Un Groupe I sous haute tension
Le Groupe I de cette Coupe du Monde 2026 est sans doute l'un des plus déséquilibrés sur le papier — la France, numéro un mondial, et le Sénégal, quatorzième, en sont les têtes d'affiche — mais aussi l'un des plus ouverts pour les places restantes. C'est dans ce contexte que l'Irak et la Norvège s'affrontent au Gillette Stadium, aux portes de Boston, dans la nuit du mardi 16 au mercredi 17 juin à minuit, heure de Paris. Pour les deux équipes, ce match pourrait bien conditionner toute la suite de l'aventure américaine.
L'Irak, les miraculés de la qualification
Absent de la Coupe du Monde depuis 1986 — soit quarante ans de disette —, l'Irak fait son grand retour sur la scène mondiale. Cette seule donnée résume l'immensité de l'événement pour un pays et un peuple qui n'ont connu la compétition qu'une seule fois auparavant, avec pour unique résultat une phase de groupes. Sous la houlette de l'Australien Graham Arnold, la sélection mésopotamienne a su se forger une identité collective, articulée autour d'un milieu de terrain fourni et polyvalent.
Parmi les joueurs à suivre, Zidane Iqbal (Utrecht) incarne à merveille la nouvelle génération irakienne, capable d'évoluer en Europe tout en portant fièrement les couleurs nationales. Ahmed Qasim, lui, milite en MLS avec Nashville et apporte une expérience du football nord-américain qui pourrait s'avérer précieuse dans ce contexte particulier.

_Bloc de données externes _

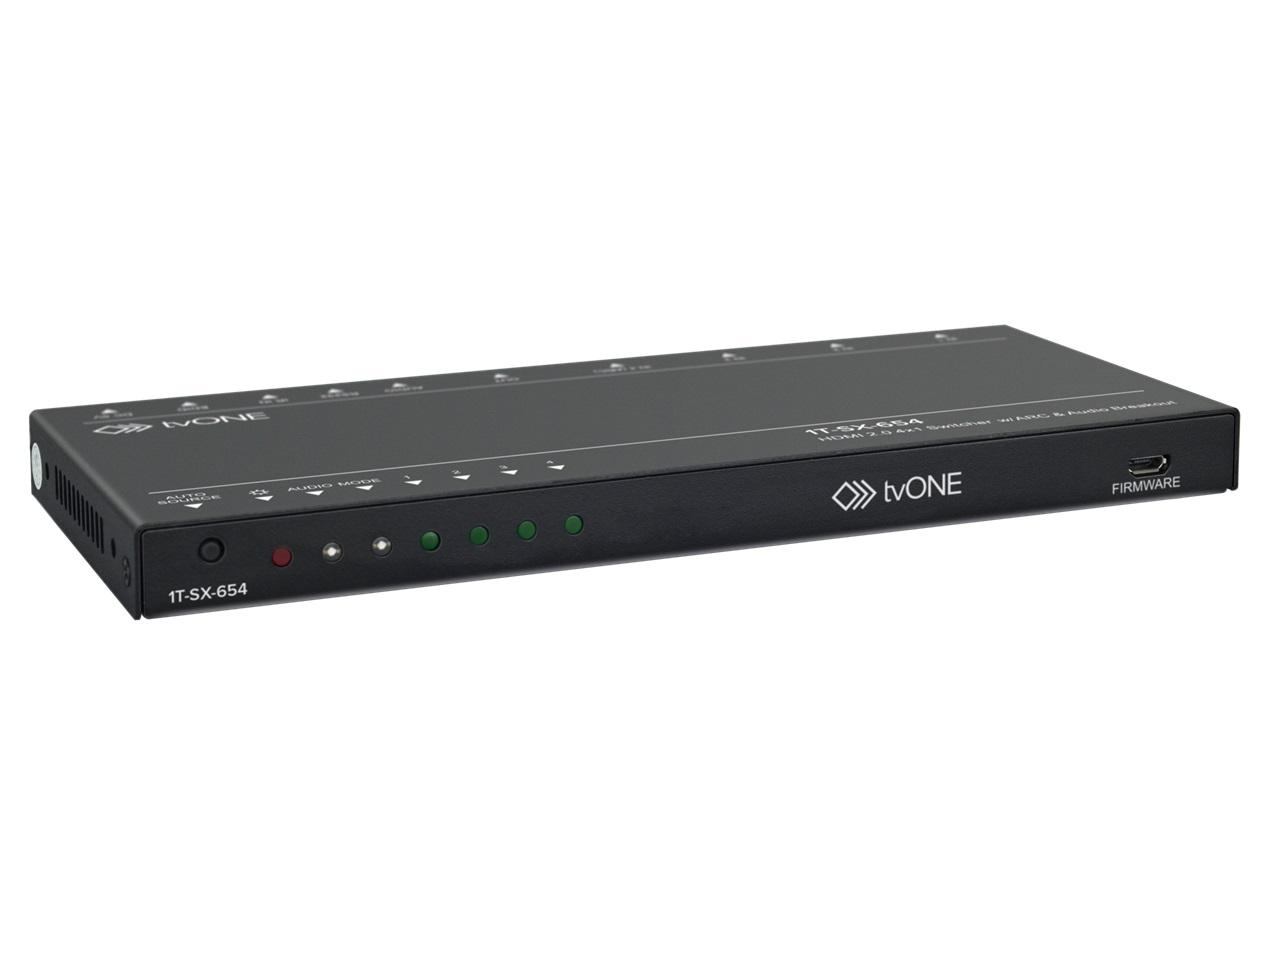 1T-SX-654 4x1 4K60 HDMI 2.0 Switcher with HDCP 2.2 by TV One

Kevin Yakob, évoluant en Superliga danoise avec l'AGF, complète un milieu disparate mais ambitieux.
La préparation de l'Irak a toutefois livré des signaux contrastés. Les Lions des deux fleuves ont certes accroché l'Espagne sur un score nul lors d'un match amical, mais ils ont ensuite lourdement chuté à domicile face au Venezuela. Des résultats qui interrogent sur la solidité défensive et la régularité d'une équipe qui dispute là son premier Mondial depuis quatre décennies.
La Norvège, enfin de retour après trop d'absences
De son côté, la Norvège revient en Coupe du Monde après une longue absence. La dernière participation remonte à 1998, où les Scandinaves avaient atteint les huitièmes de finale avant d'être éliminés. Depuis, plusieurs générations de joueurs ont manqué ce rendez-vous planétaire, et c'est peu dire que la qualification pour ce Mondial 2026 a été vécue comme une libération nationale.
Le visage de cette équipe, c'est évidemment Martin Ødegaard. Le capitaine et meneur de jeu d'Arsenal, âgé de 27 ans, est attendu comme le grand orchestrateur d'une sélection qui a longtemps souffert de ne pas trouver son système autour de lui. Sous les ordres de Ståle Solbakken, la Norvège a développé un jeu direct et physique, en s'appuyant sur une attaque renouvelée avec des profils atypiques.
Jens Petter Hauge (Bodø/Glimt) et Erik Botheim (Malmö FF) forment un duo offensif prometteur, tandis qu'Aune Heggebø (West Bromwich Albion) apporte une alternative séduisante en pointe. En défense, la jeunesse est également au rendez-vous avec Sondre Langås (Derby County) et Sebastian Sebulonsen (FC Cologne), deux latéraux qui n'ont pas encore 27 ans mais affichent une belle maturité.
La préparation norvégienne, elle, est plutôt encourageante. Un succès probant face à la Suède, une victoire surprise contre les Pays-Bas en déplacement, et un match nul contre le Maroc en guise de dernière répétition : la Norvège aborde ce Mondial avec une dynamique positive, même si le nul à domicile contre la Suisse avait semé quelques doutes en cours de route.
Les enjeux tactiques du match
Sur le plan tactique, ce duel promet une confrontation intéressante entre deux styles bien différents. L'Irak s'appuiera sur sa densité au milieu pour compenser l'écart de niveau individuel, tentant de verrouiller les espaces et de surgir en contre-attaque. Face à une Norvège qui aimera sans doute imposer son tempo physique et son intensité, les Irakiens devront faire preuve d'une discipline collective sans faille.